__TASK REQUIREMENTS__.
Please transcribe the data below exactly. Leave the pictures out.

__MATERIAL PROVIDED__.
+++

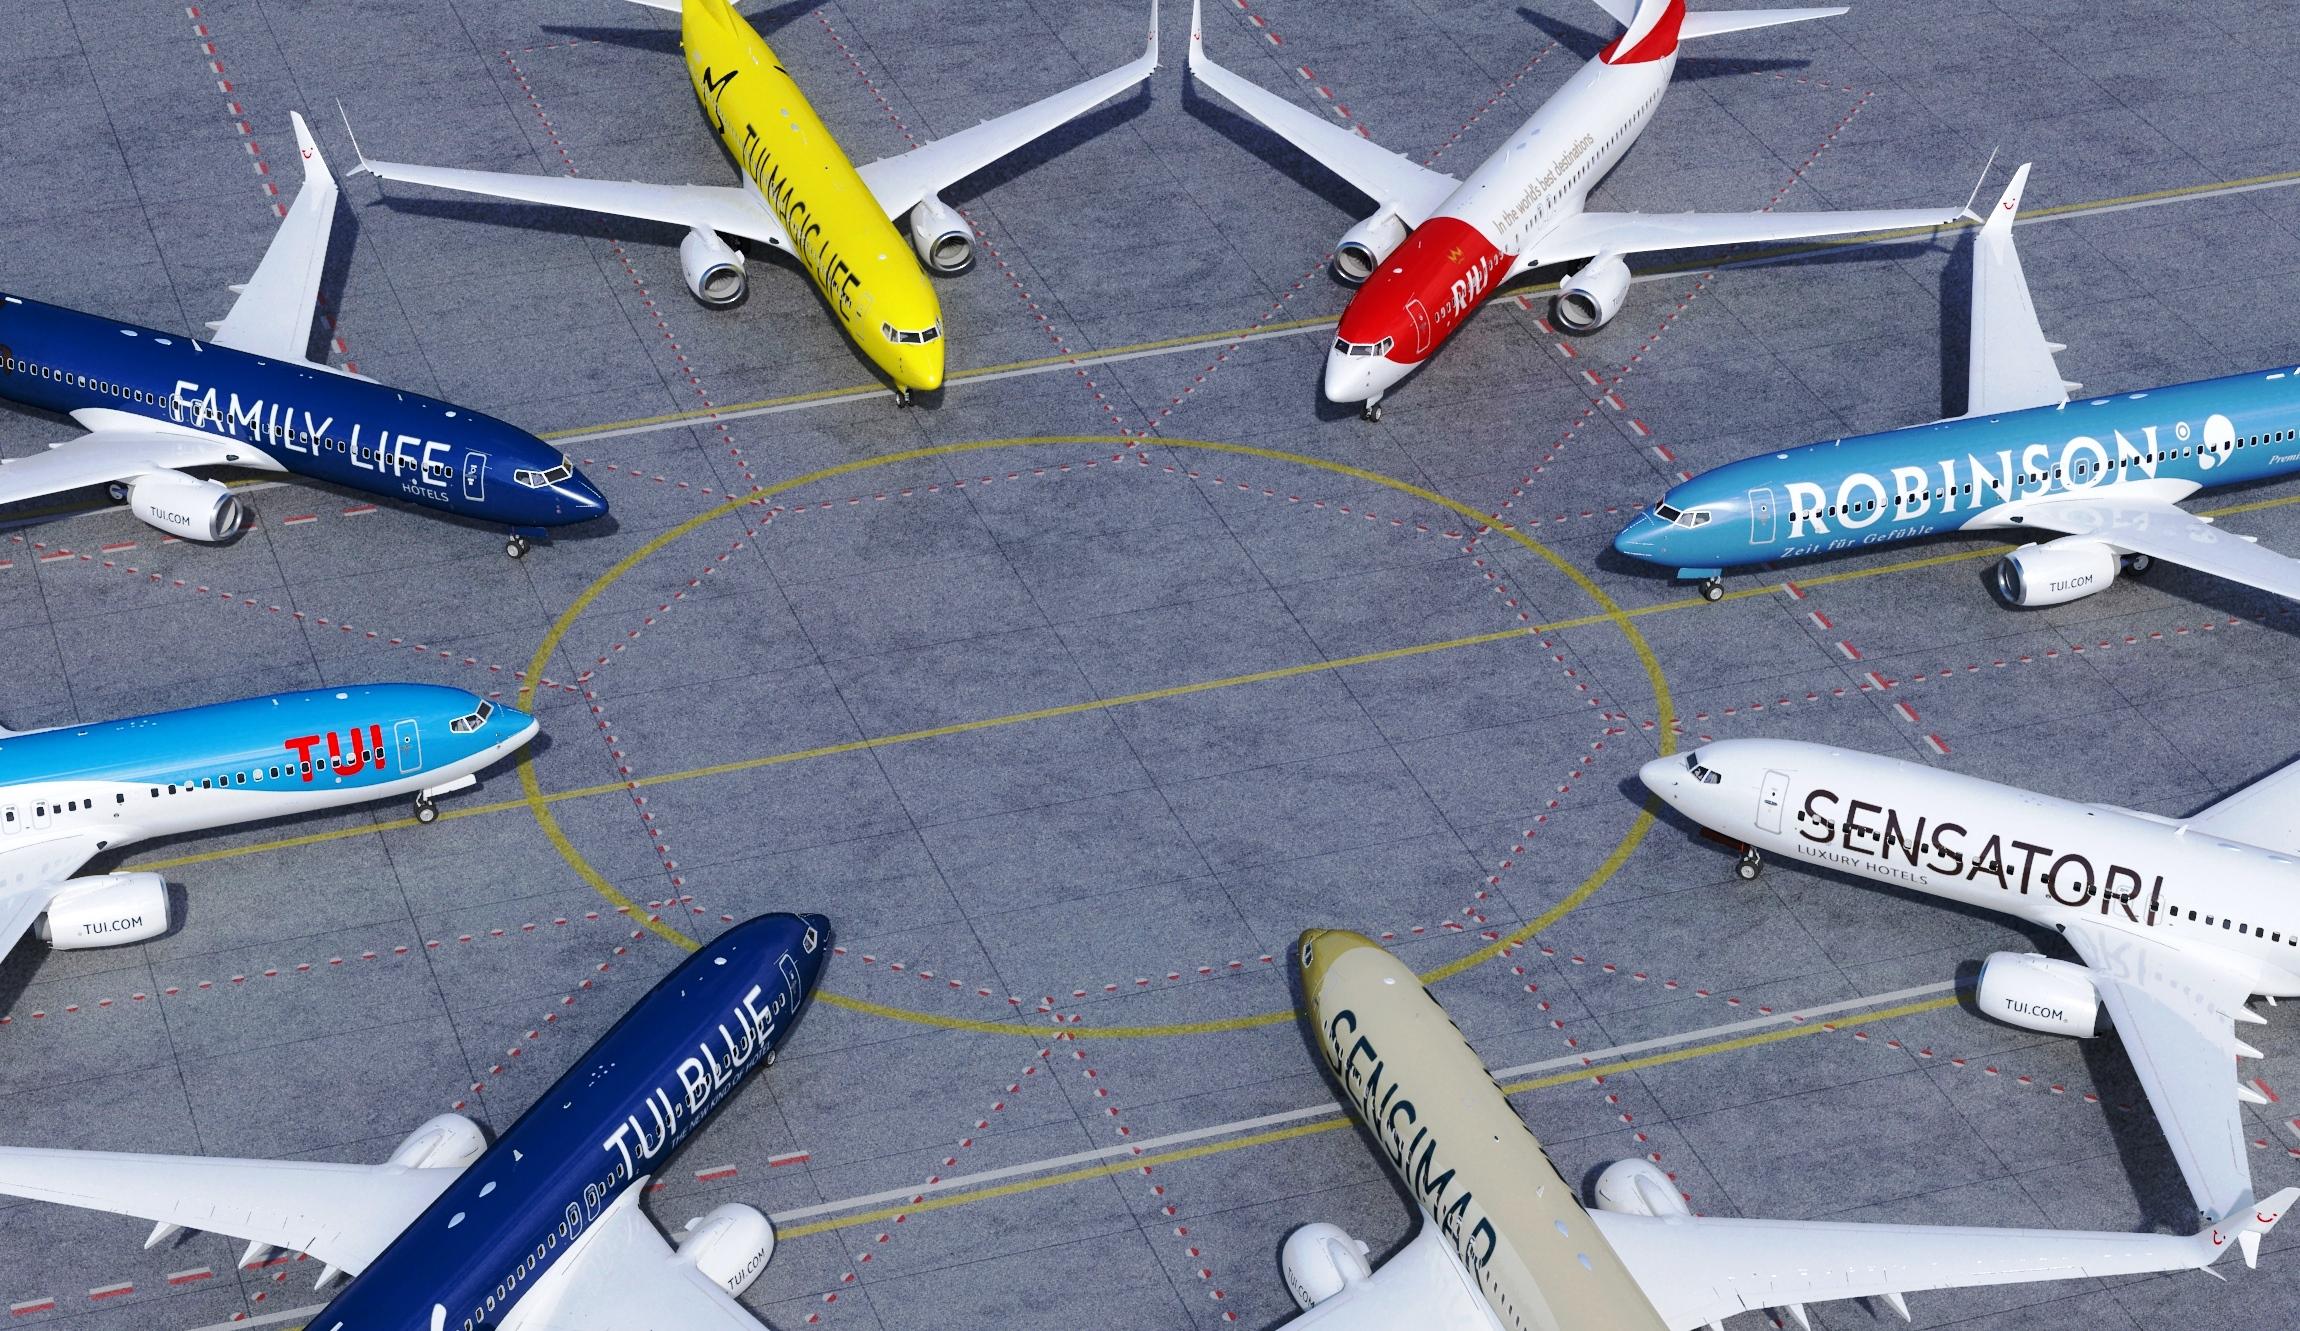 Fly fra TUIfly i forskellig bemaling. (Foto: TUI Group | PR)
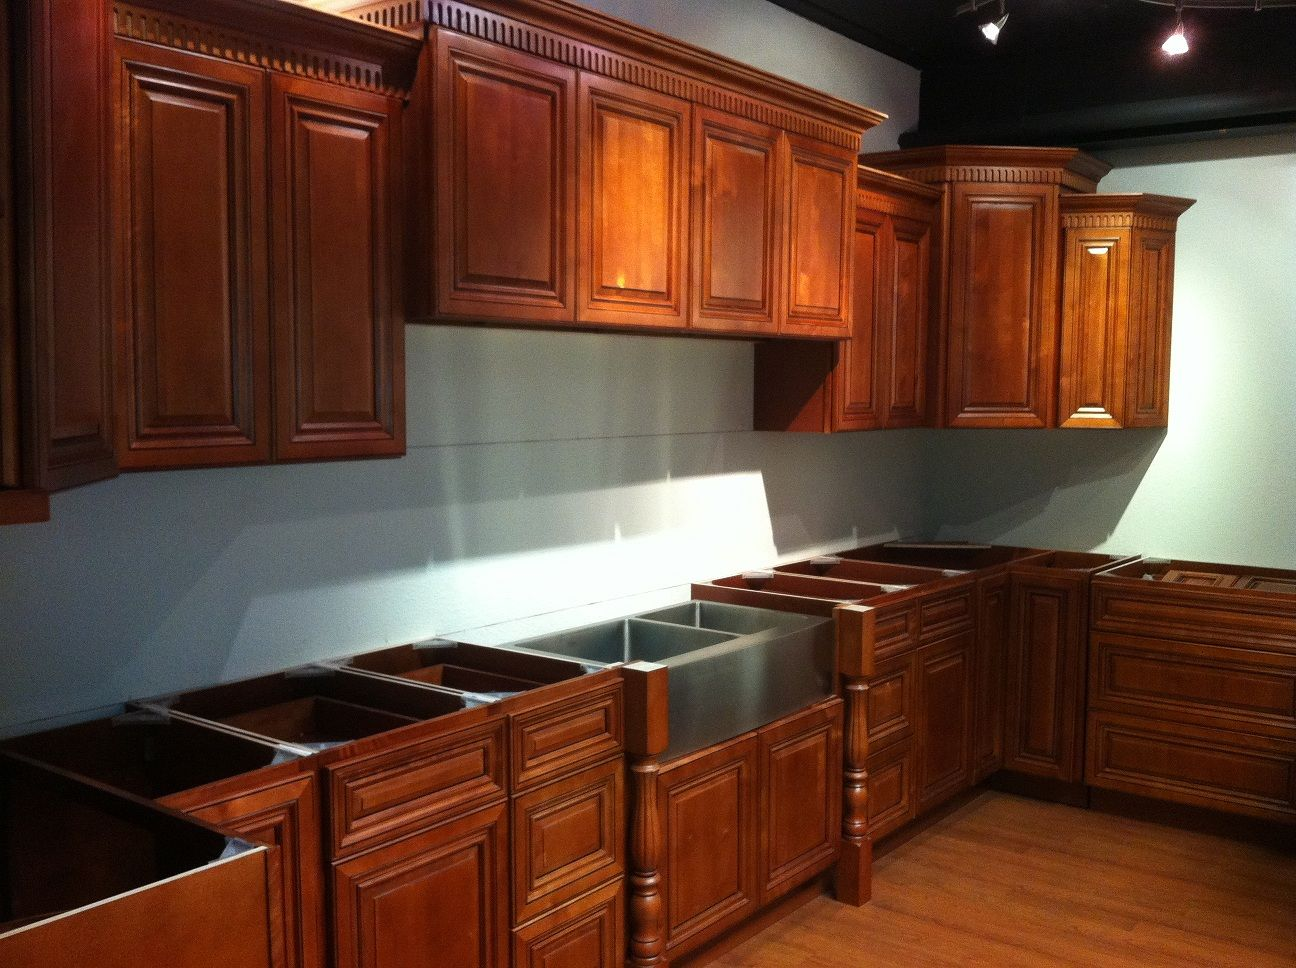 Mahogany Glazed Kitchen Cabinets Buy Kitchen Cabinets Online Wholesale Kitchen Cabinets Maple Kitchen Cabinets
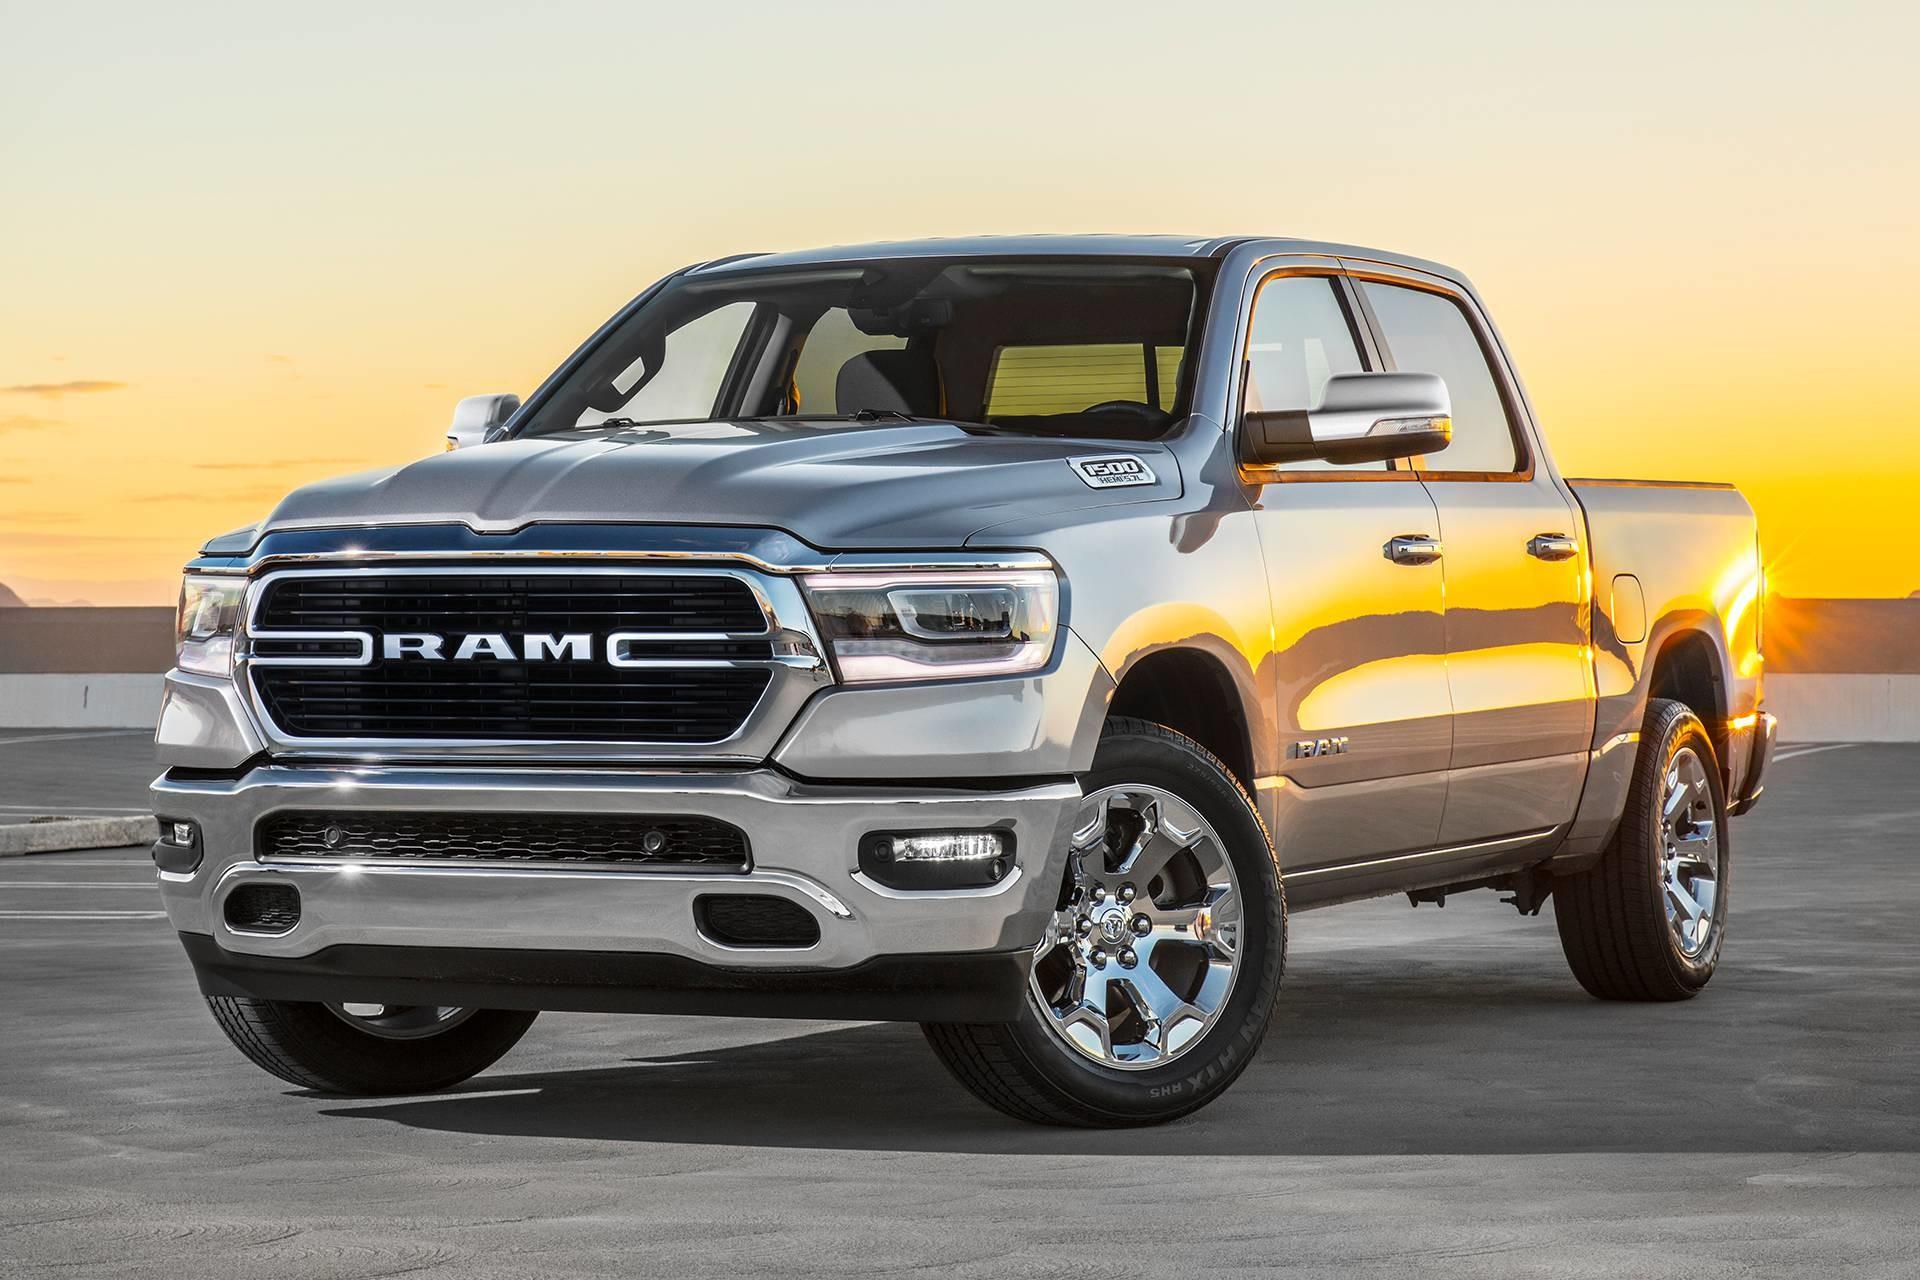 dodge ram incentives canada All-New 2019 RAM 1500 Exterior Gallery  RAM Trucks Canada

+++

__RESPONSE AREA__.
 Fly fra TUIfly i forskellig bemaling. (Foto: TUI Group | PR)
 Mahogany Glazed Kitchen Cabinets Buy Kitchen Cabinets Online Wholesale Kitchen Cabinets Maple Kitchen Cabinets
 dodge ram incentives canada All-New 2019 RAM 1500 Exterior Gallery  RAM Trucks Canada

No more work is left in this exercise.